**Task**
Return each line of the data below exactly, omitting any pictures.
BEGIN Exercise material
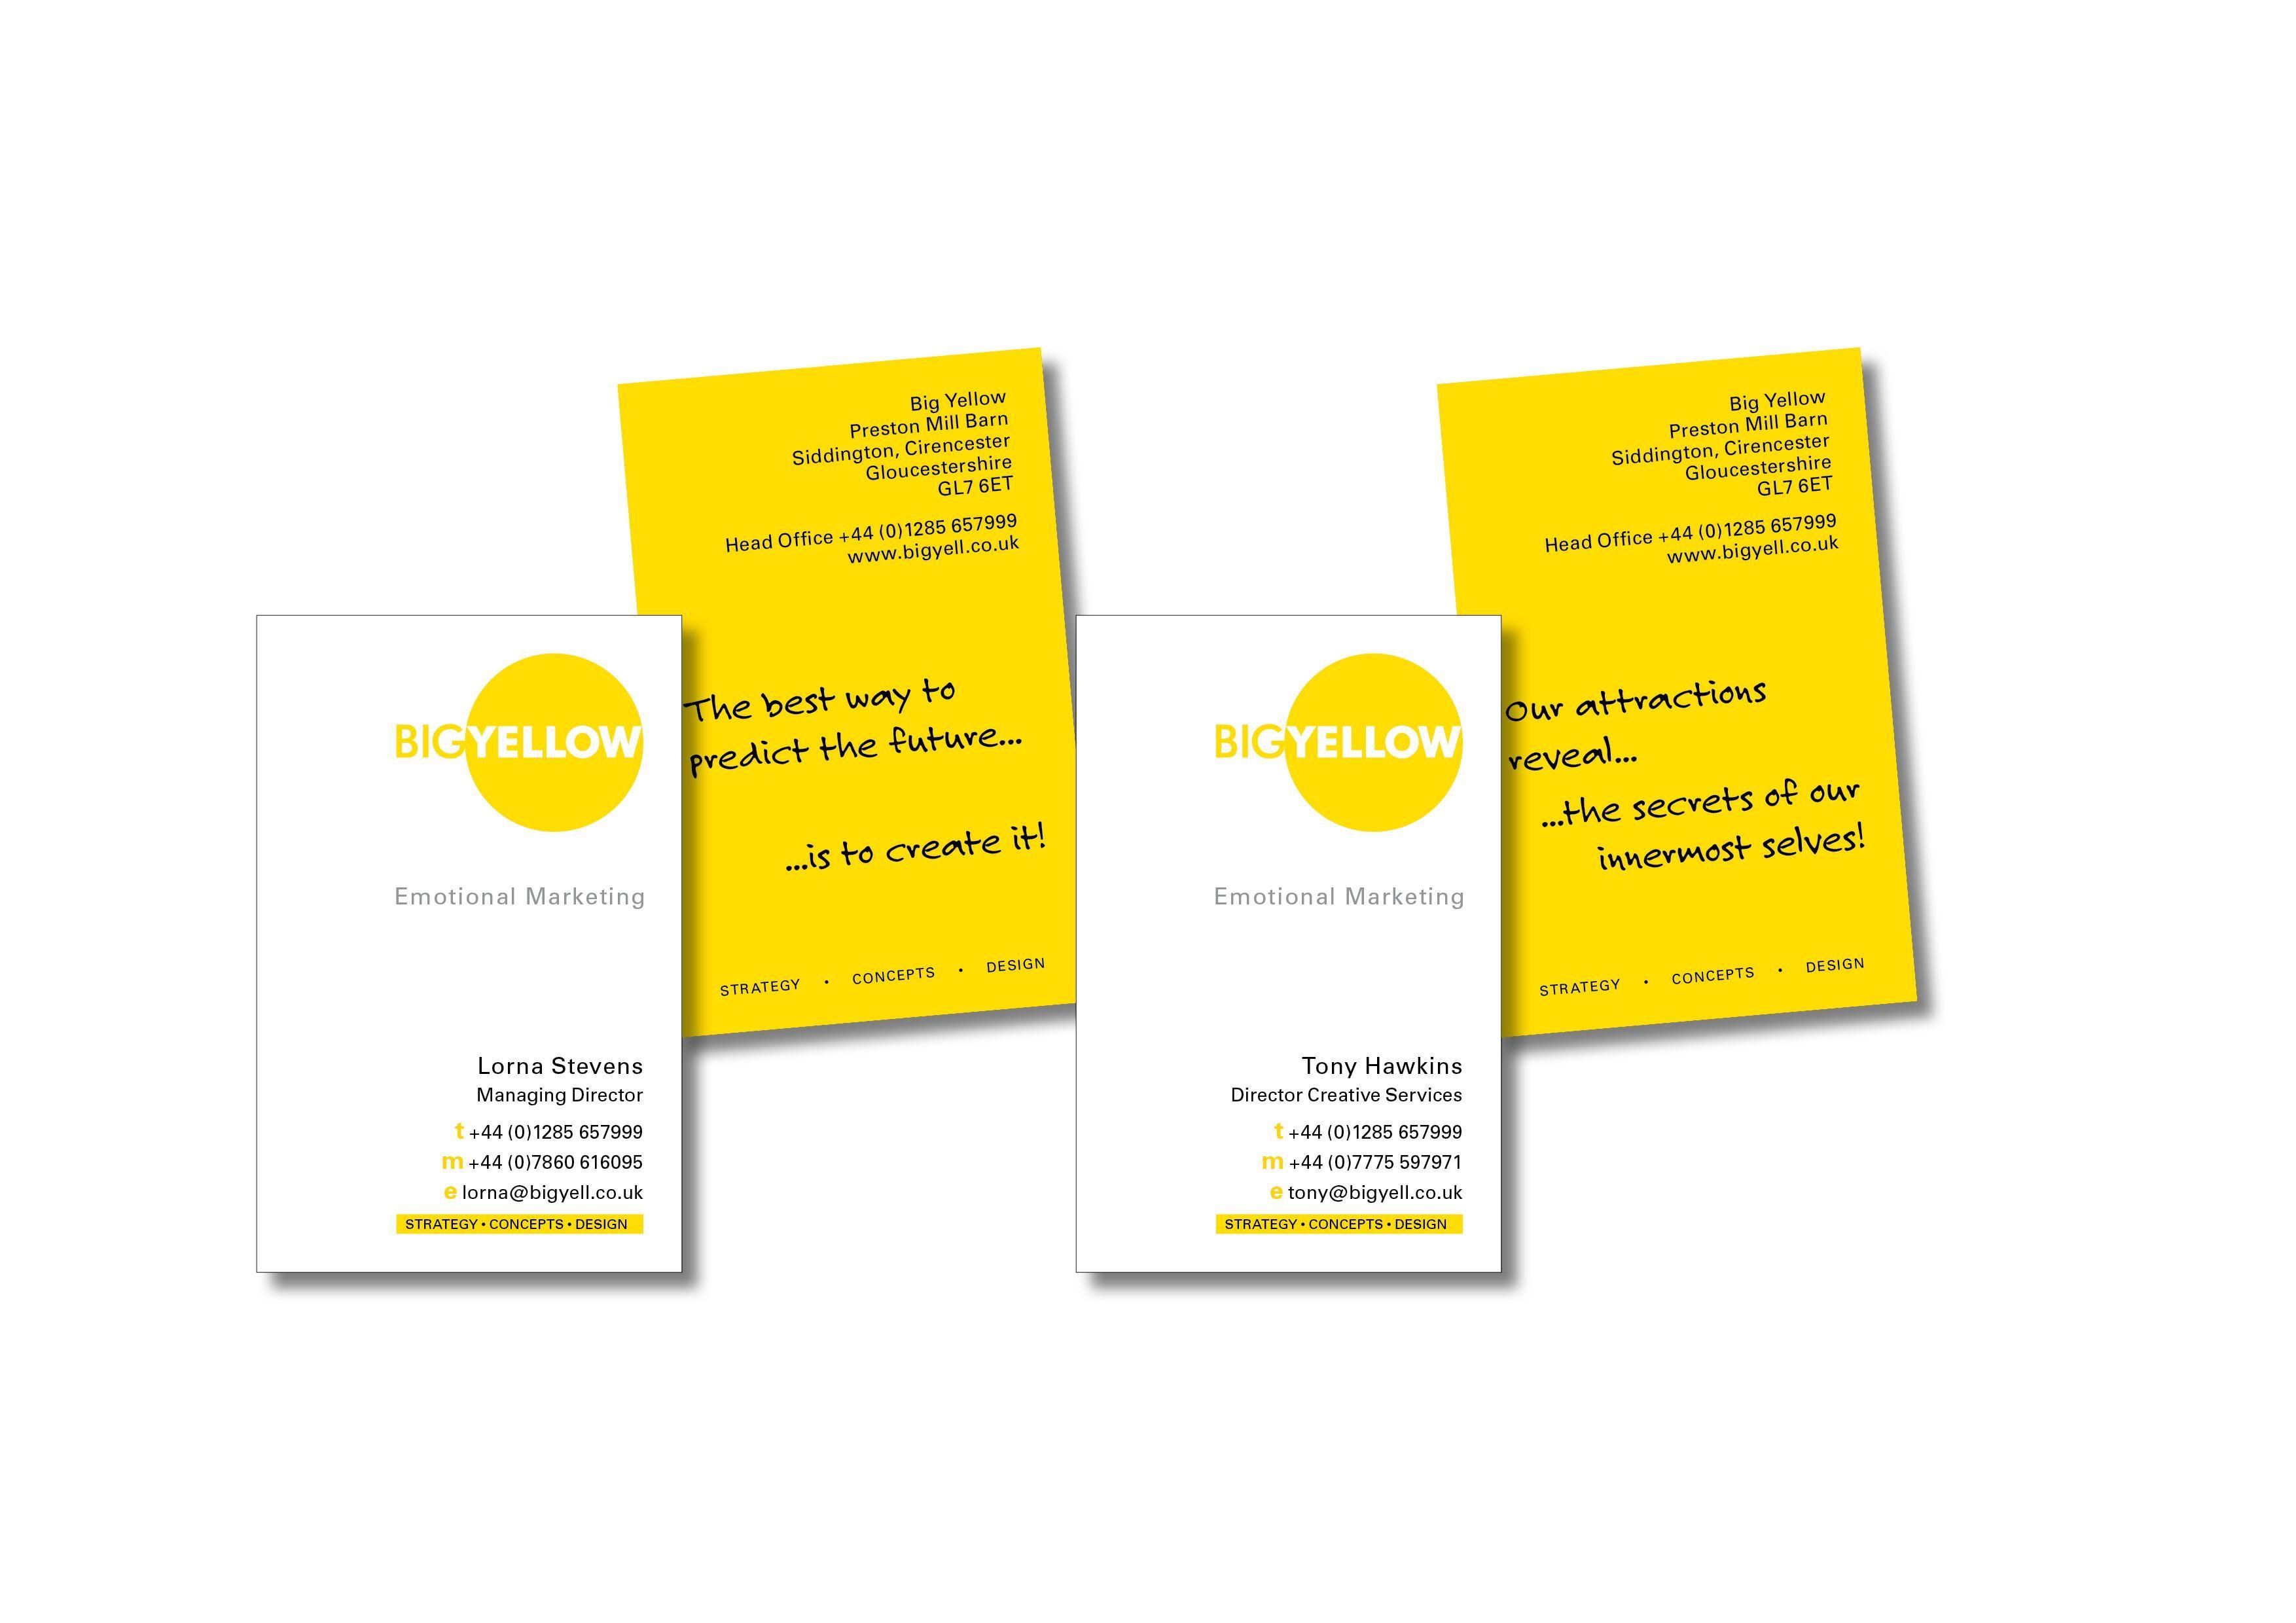 Big Yellow M Logo - BusinessCards for Big Yellow....Give us a shout if you need a NEW ...
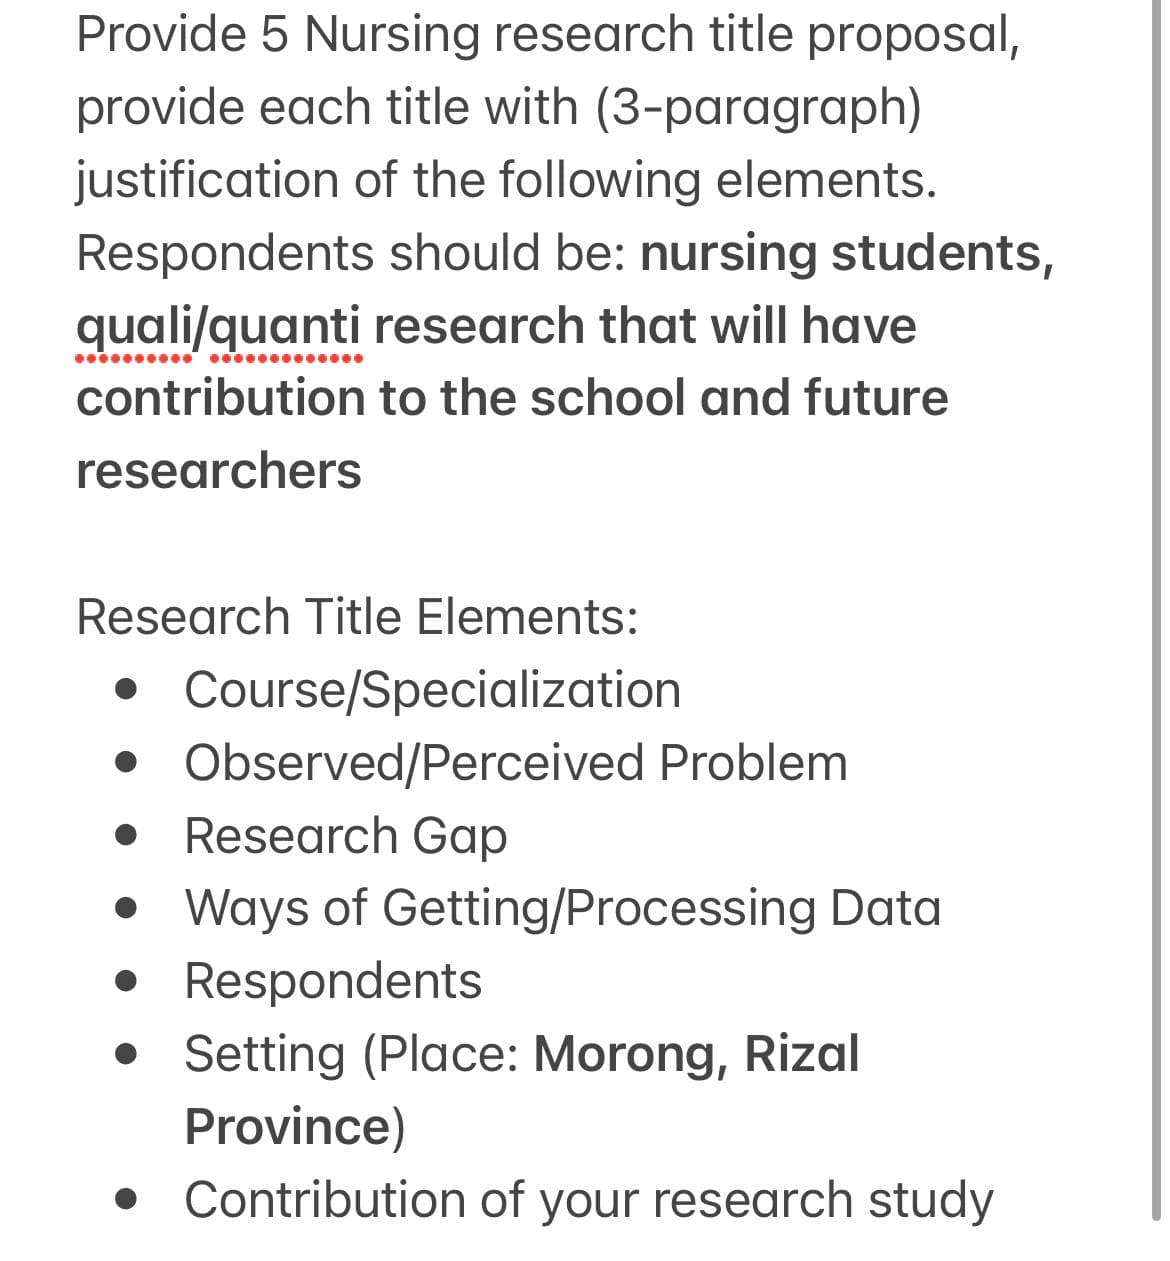 Provide 5 Nursing research title proposal,
provide each title with (3-paragraph)
justification of the following elements.
Respondents should be: nursing students,
quali/quanti research that will have
contribution to the school and future
researchers
●●●●●●●●●●●●●
Research Title Elements:
• Course/Specialization
• Observed/Perceived Problem
• Research Gap
• Ways of Getting/Processing Data
• Respondents
• Setting (Place: Morong, Rizal
Province)
Contribution of your research study
END Exercise material
**Result of this task**
 Big Yellow M Logo - BusinessCards for Big Yellow....Give us a shout if you need a NEW ...
 Provide 5 Nursing research title proposal,
provide each title with (3-paragraph)
justification of the following elements.
Respondents should be: nursing students,
quali/quanti research that will have
contribution to the school and future
researchers
●●●●●●●●●●●●●
Research Title Elements:
• Course/Specialization
• Observed/Perceived Problem
• Research Gap
• Ways of Getting/Processing Data
• Respondents
• Setting (Place: Morong, Rizal
Province)
Contribution of your research study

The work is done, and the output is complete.